== MATERIAL FOR THIS TASK

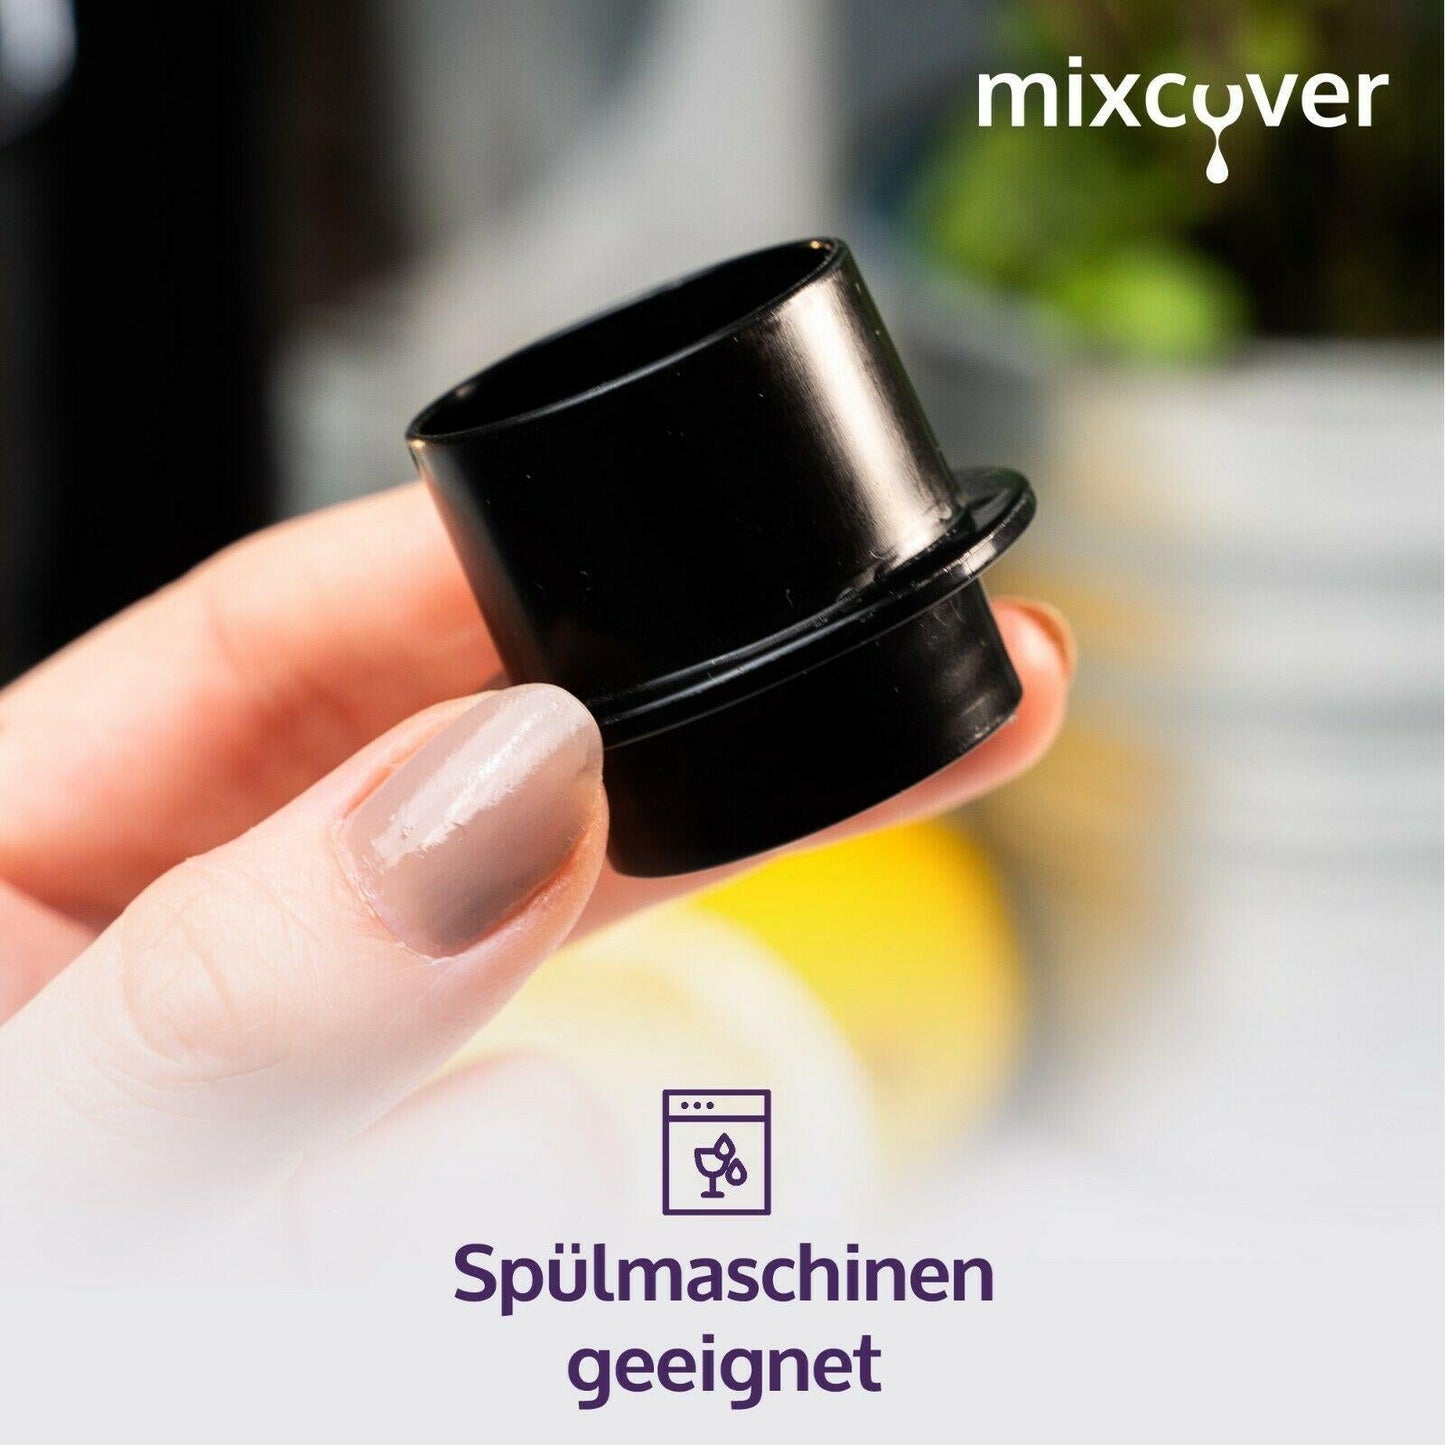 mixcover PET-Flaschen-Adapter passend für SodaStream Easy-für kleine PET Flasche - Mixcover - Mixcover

====
== MATERIAL FOR THIS TASK

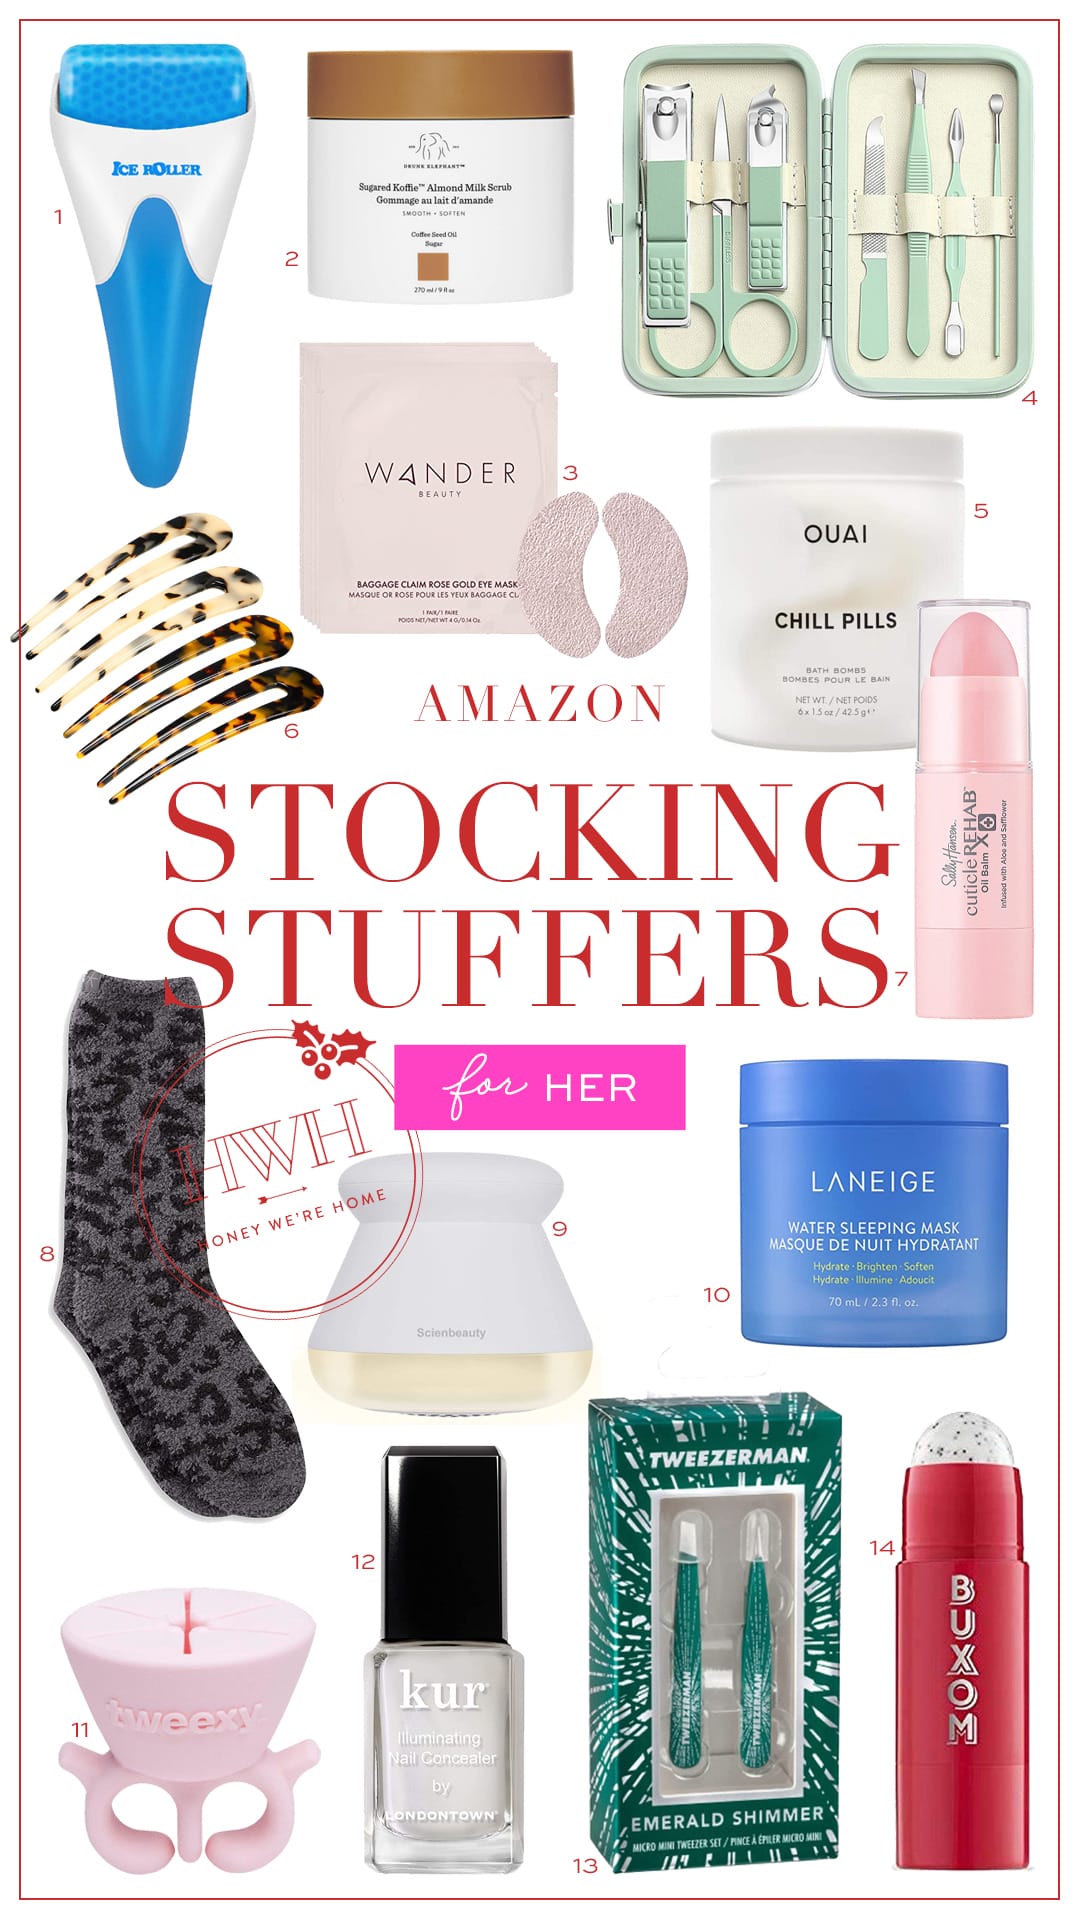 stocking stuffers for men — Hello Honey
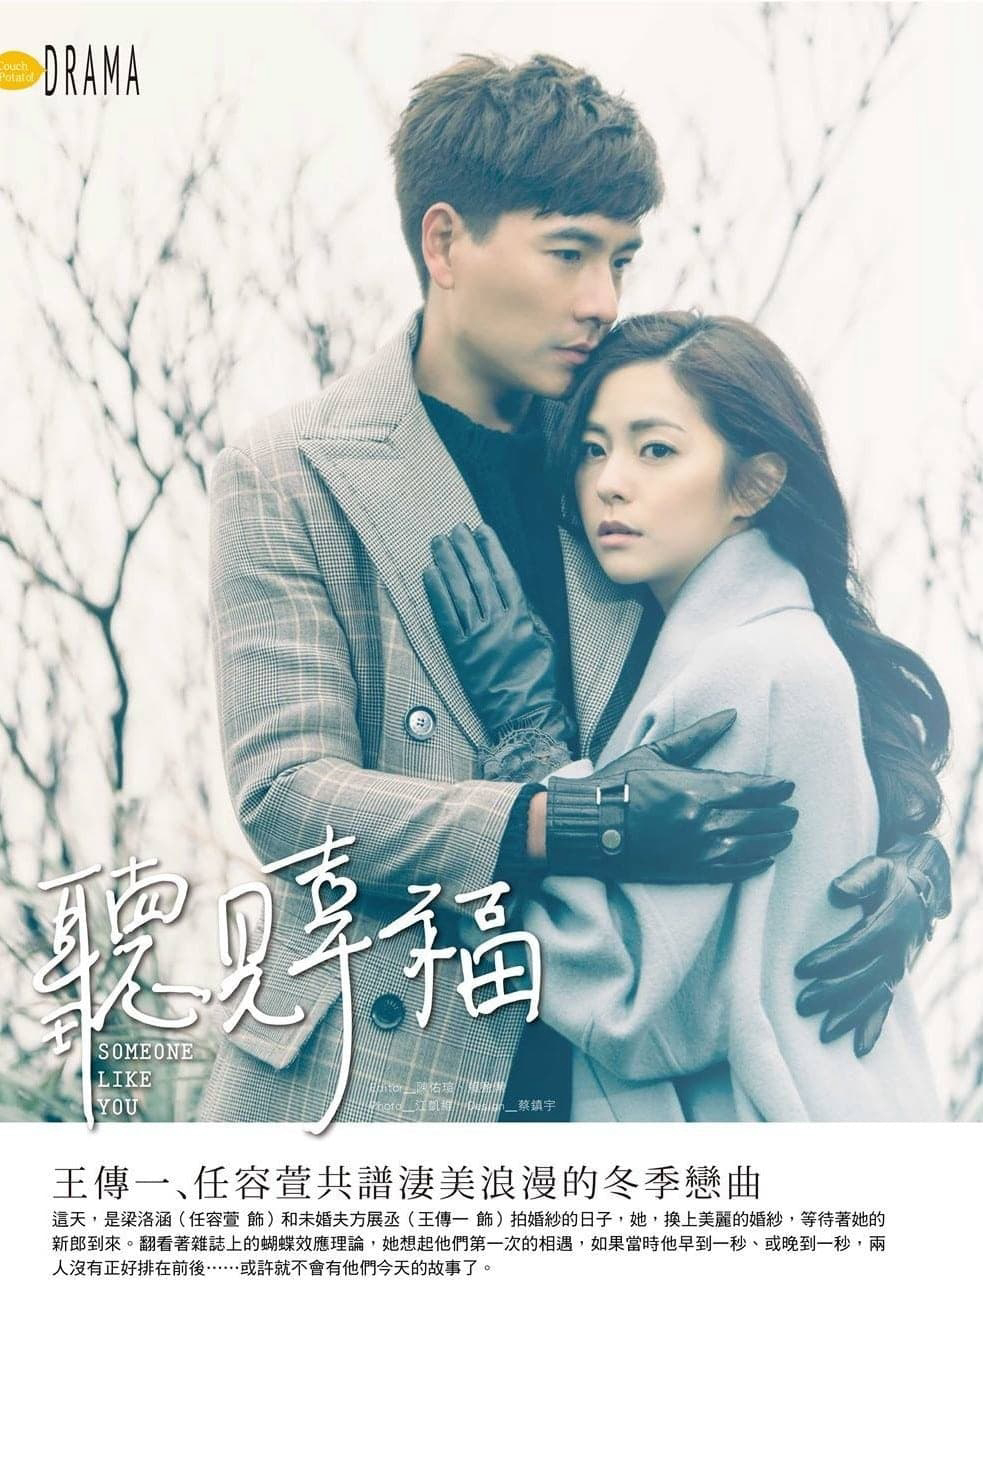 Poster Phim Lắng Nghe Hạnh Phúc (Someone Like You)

====
== MATERIAL FOR THIS TASK

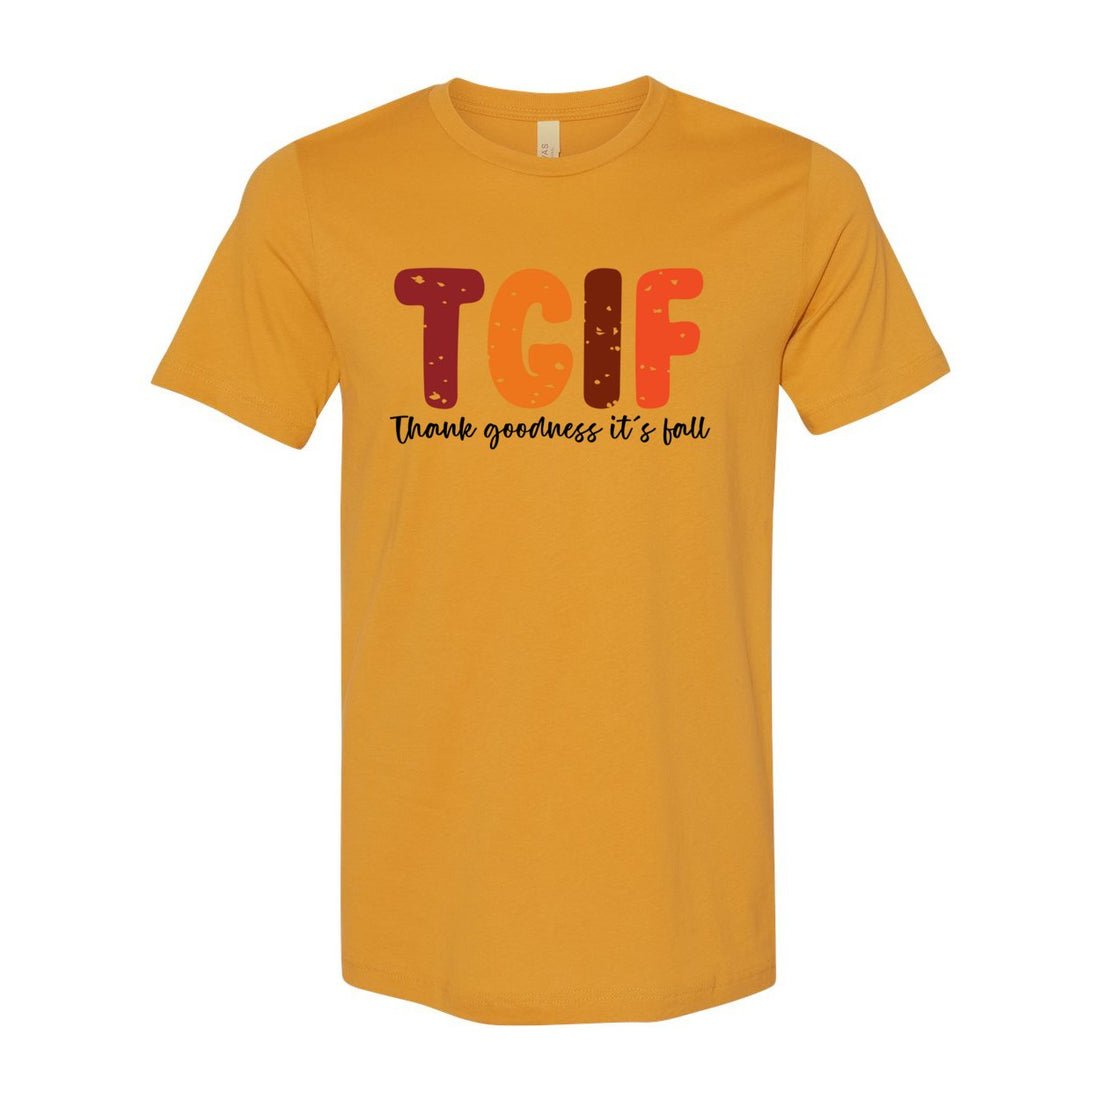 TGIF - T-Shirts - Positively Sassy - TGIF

====

Look above for the line with "stocking stuffers for men — Hello Honey" and the line with "Poster Phim Lắng". Copy them and every line between, exactly, but no pictures.

→ EXERCISE RESULT
 stocking stuffers for men — Hello Honey
 Poster Phim Lắng Nghe Hạnh Phúc (Someone Like You)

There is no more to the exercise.